Don't get us wrong, we love a good wedding tradition, but is it time for brides-to-be to consider keeping their names? As couples are getting married later in life, is changing your name after marriage too old-fashioned for a modern couple? About half of American women who participated in a study run by a Portland State University sociology professor disagreed—going so far as to agree that taking your husband's name should be mandatory, and enforced by law. Another 20 percent thought it was a good idea for women to keep their maiden names, even if they stopped short of making it a legal requirement. Brushing past the fact that this study might be flawed (the sample size was small), the maiden-name issue is deeply personal and extremely contentious to a lot of people. That should hardly be surprising since it’s about their very identity.
What is surprising (to a lot of career women, at least), is that we’re still having this debate, given how important people in both corporate and entrepreneurial settings consider their “brand.” We asked Kathy Caprino, a women’s career and personal development coach, as well as writer, to weigh in on the topic.
“I try to look at more than just the outcome, as in ‘Will it impact your brand?’,” says Caprino, “I ask people to take a step back and ask themselves, ‘Why would I want to change my name?’”
Caprino says that when she thought about it for herself, she decided it meant a lot more than simply a “number of letters.” To her, it was also about carrying on her father’s name, since her parents had no boys. “I didn’t want the name to die with him,” she says.
“I think it’s really important to understand what it really means to relinquish your name. If you’re good about that and that’s what you believe, great, but you need to look at it very clearly. Don’t just go with the trend.
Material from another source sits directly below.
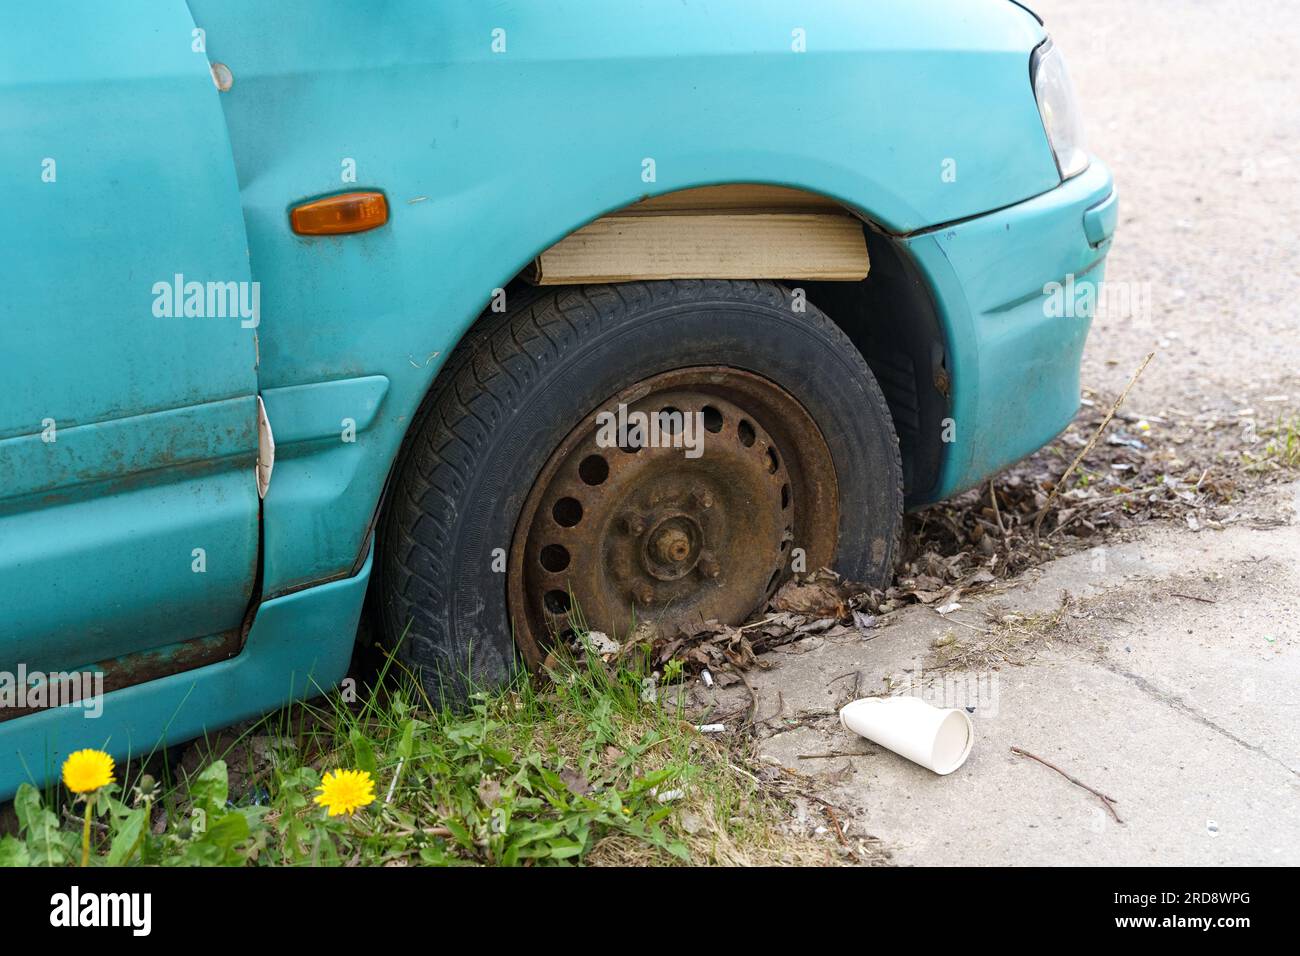 Il y a une vieille voiture bleue inutilisée avec un pneu crevé dans la rue. Gros plan. Banque D'Images

Look at what it means for you.”
To Caprino, who married at 32, she also didn’t want to jeopardize the thousands of hours she spent building up her name in the corporate world.
It seems kind of like a no-brainer to many. So, why this backlash? Some people object to it because people hate hyphens, and other people worry about practicalities: banking, children’s passports, and cross-border travel. Most likely, though, the majority of people who object to women keeping their maiden names are probably motivated by the idea that taking your husband’s name is a symbolic gesture that will strengthen the marriage. There isn’t really a lot of evidence for that, though. In fact, Caprino, who also counsels people on relationship issues, thinks it shouldn’t make any difference.
“Strong marriages come from people being able to be who they really are,” she says, “Everyone needs to feel like they can be who they really are for a successful marriage and a successful career.” Simple enough.